Obama and his party of the American left (insert rimshot here)
- can't (or won't) manage to cap credit card interest rates...at 30 fucking persent;
- they can't/won't legislate a profit-free single payer health insurance system, even as thousands die every day for lack of such a thing;
- they can't/won't effectively cap CEO salaries,
- or legally (re)open the labor market to any reasonable chance for widespread labor-union regeneration;
- won't staunch a foreclosure crisis with "right to rent" legislation (see Dean Baker), and
- won't address a campaign financing system that cripples our democracy (reforms which the president once upon a time championed as a candidate, then dropped like a bad habit).
(a)would offer desperately needed work to a nation on it's knees with underutilized capacity and joblessness,
(b) would offer a glowing example to the rest of the world in a moment of existential ecological threat not a little spearheaded by ourselves and our Anglo antecedents, and
(c) would offer brand spanking new SUSTAINABLE public infrastructures on which to build generations-worth of follow-on prosperity.

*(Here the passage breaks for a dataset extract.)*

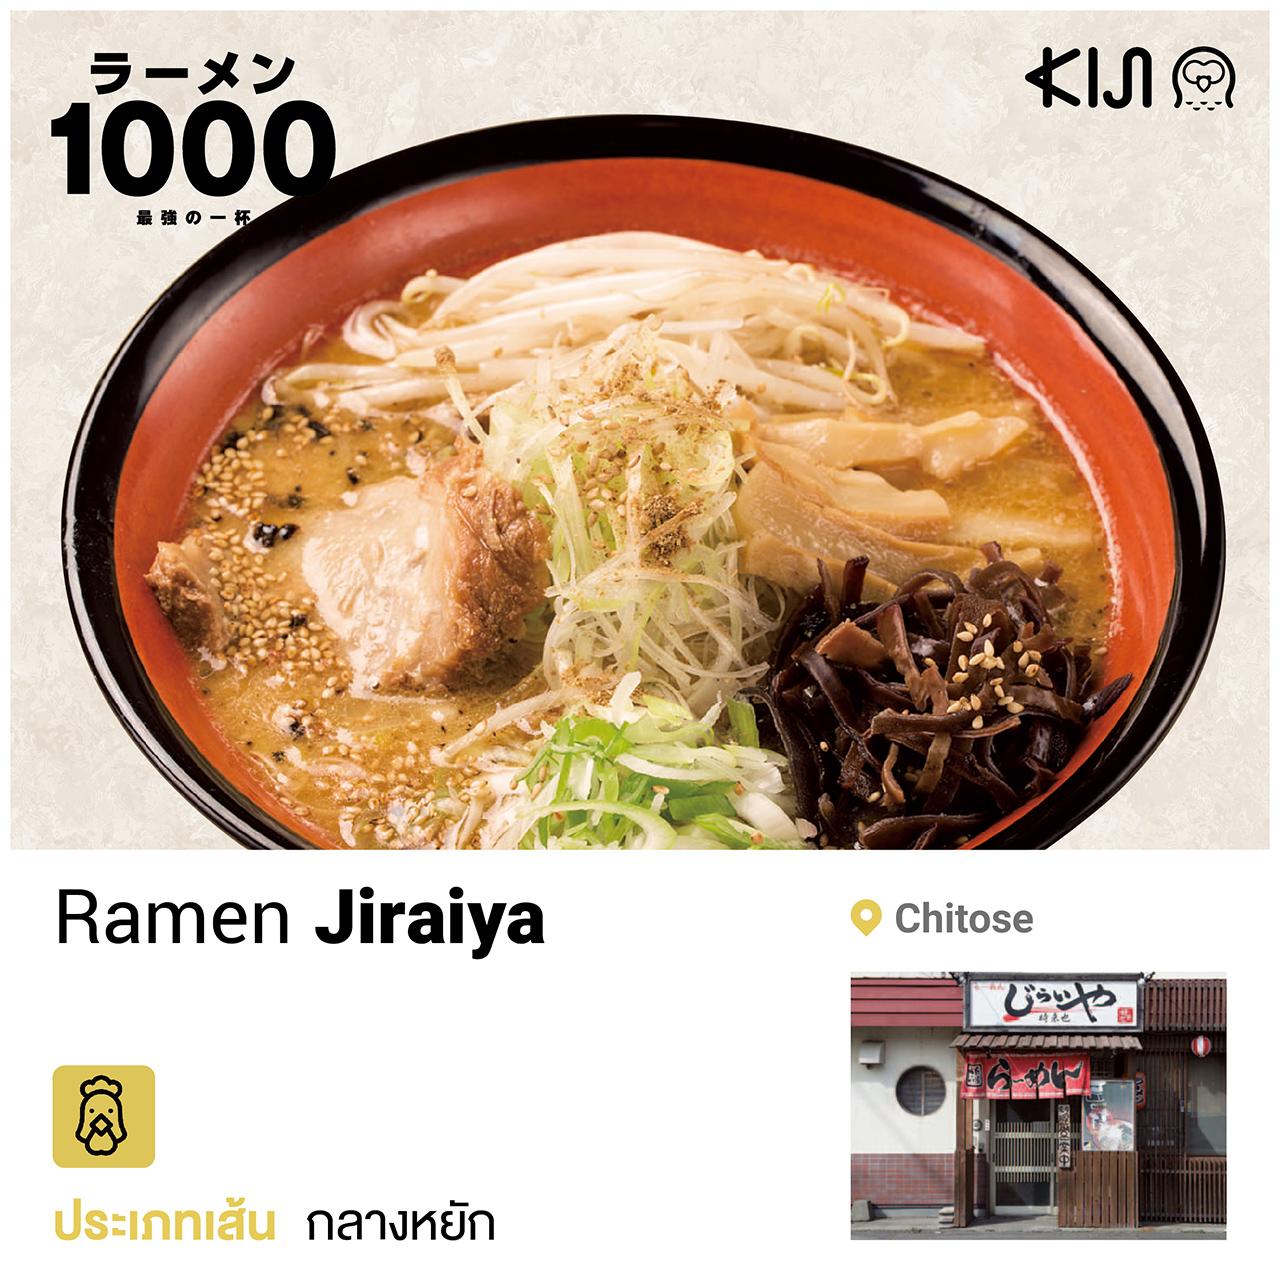 ร้านราเมนในฮอกไกโด - Ramen Jiraiya
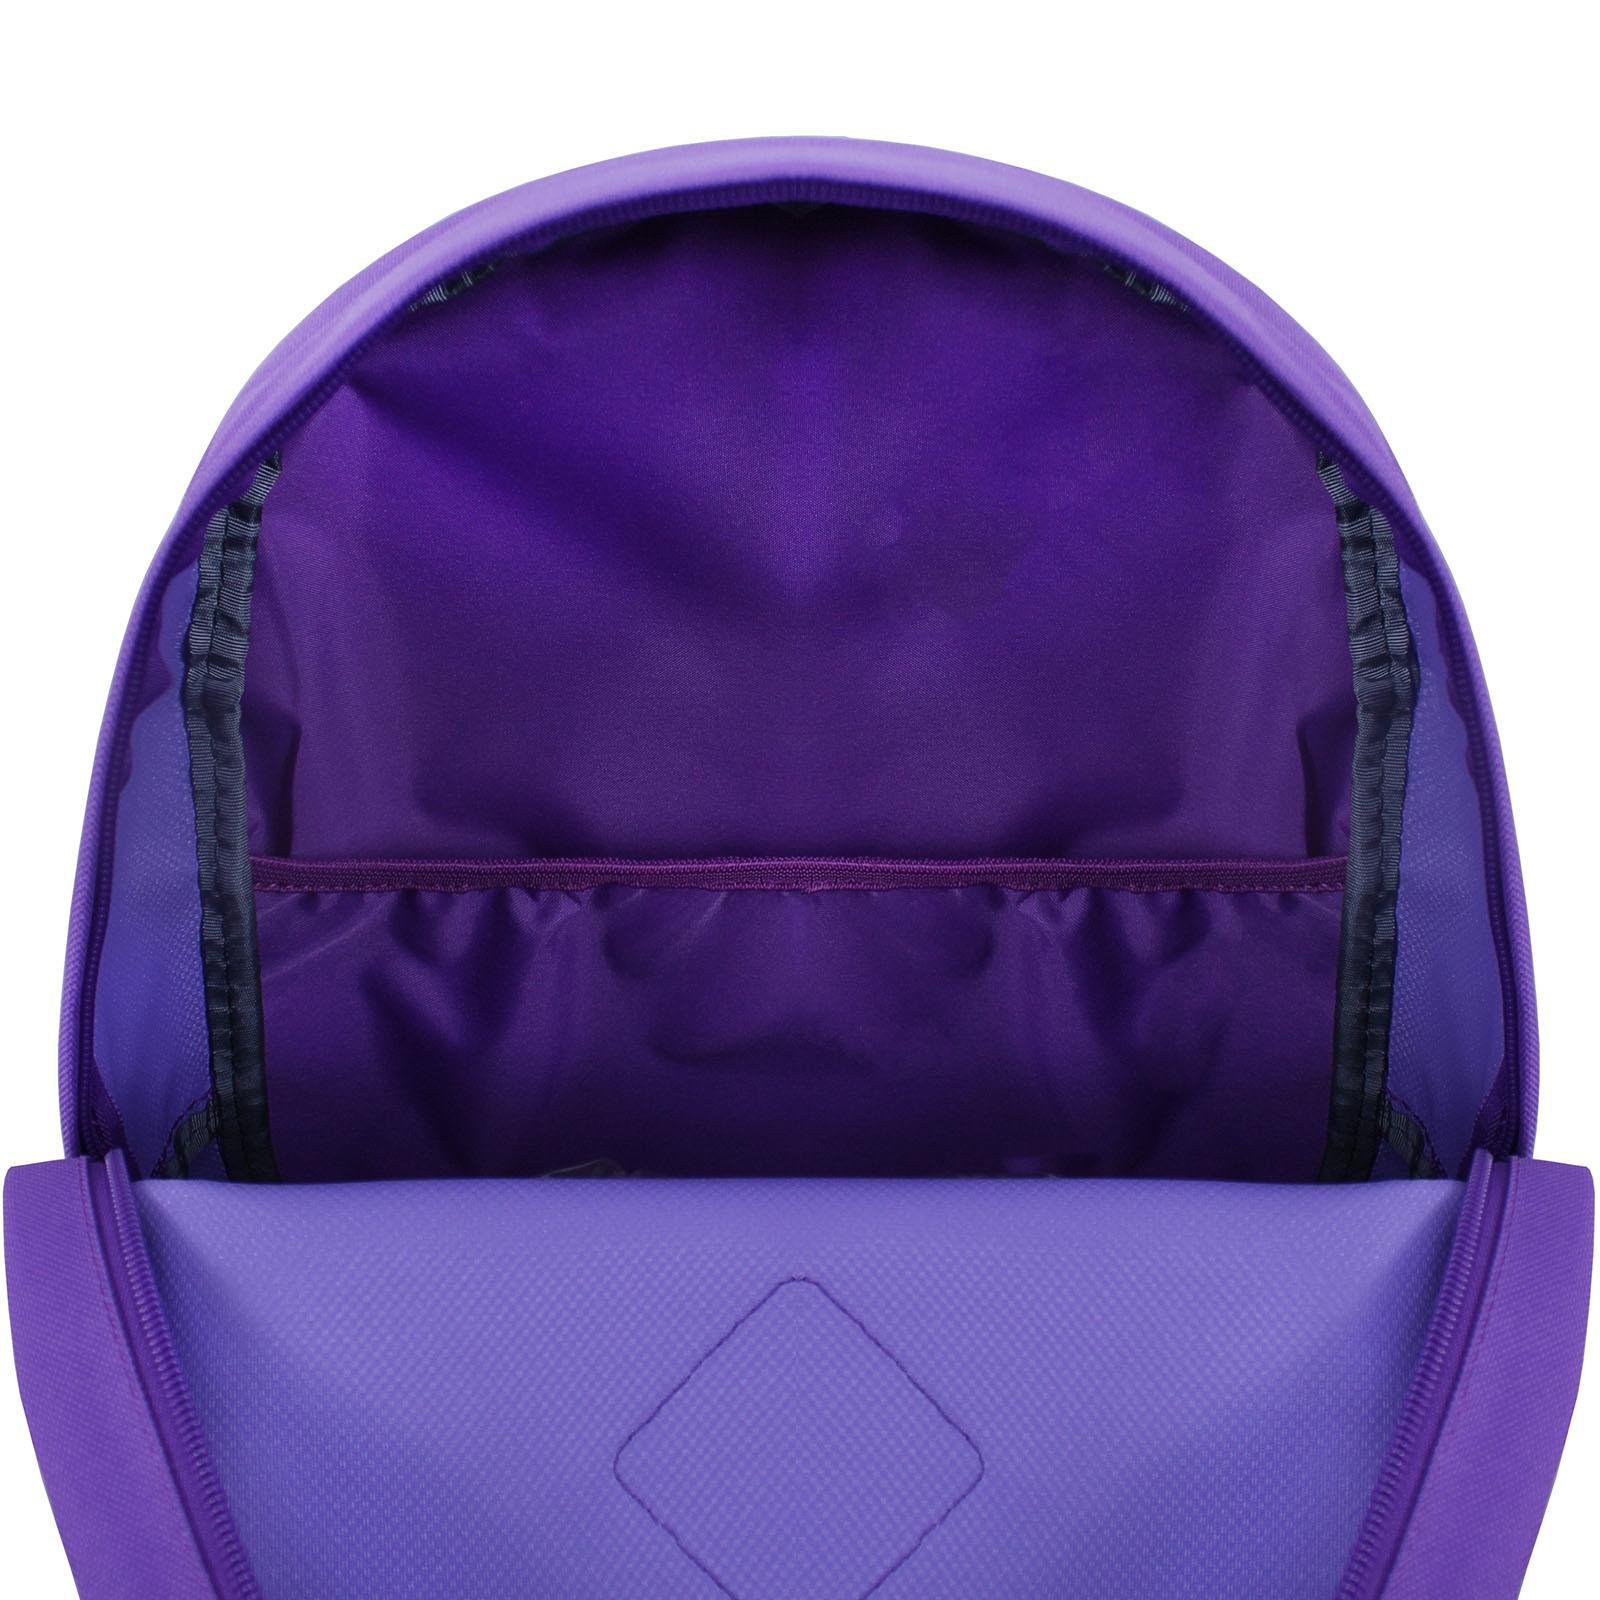 Рюкзак Bagland Молодежный W/R 17 л. 339 Фиолетовый 745 (00533662) фото 5

From a certain point of view, one can see the difficulties faced by the President and his Congress. Beset by Blue Dogs, an inherently conservative and incrementalist Constitution, a volatile undercurrent of demagogued, angry and well-armed rightist populism, a very unhelpful media environment, and a very well-institutionalized corporate sector long accustomed to calling the shots whenever push comes to shove. I'm sure there's more--complications of federalism, a reactionary-dominated Supreme Court--but that's a pretty good start. On the other hand, this is a guy--and an insurgent party--who came to power with promises of reform and changemaking. I recently heard it said that Obama himself has been known to quote Frederick Douglass' dictum that 'power concedes nothing without a fight'...recognizing the need for a fight, then, one can only be bitterly disappointed that the blue team isn't bringing--it's impossible to imagine it's being brought by this crowd, in fact--to this fight the paradigm-shifting best, most compelling and most transformative agenda possible. So long as the market and it's corporations remain in the saddle, and so long as market thinking works a kind of 'fascism reigning in the heads' (Foucalt) of even (or especially) our most self-consciously 'progressive' elites, we're up shit's creek without a paddle. With a seriously wicked storm blowing in, to boot.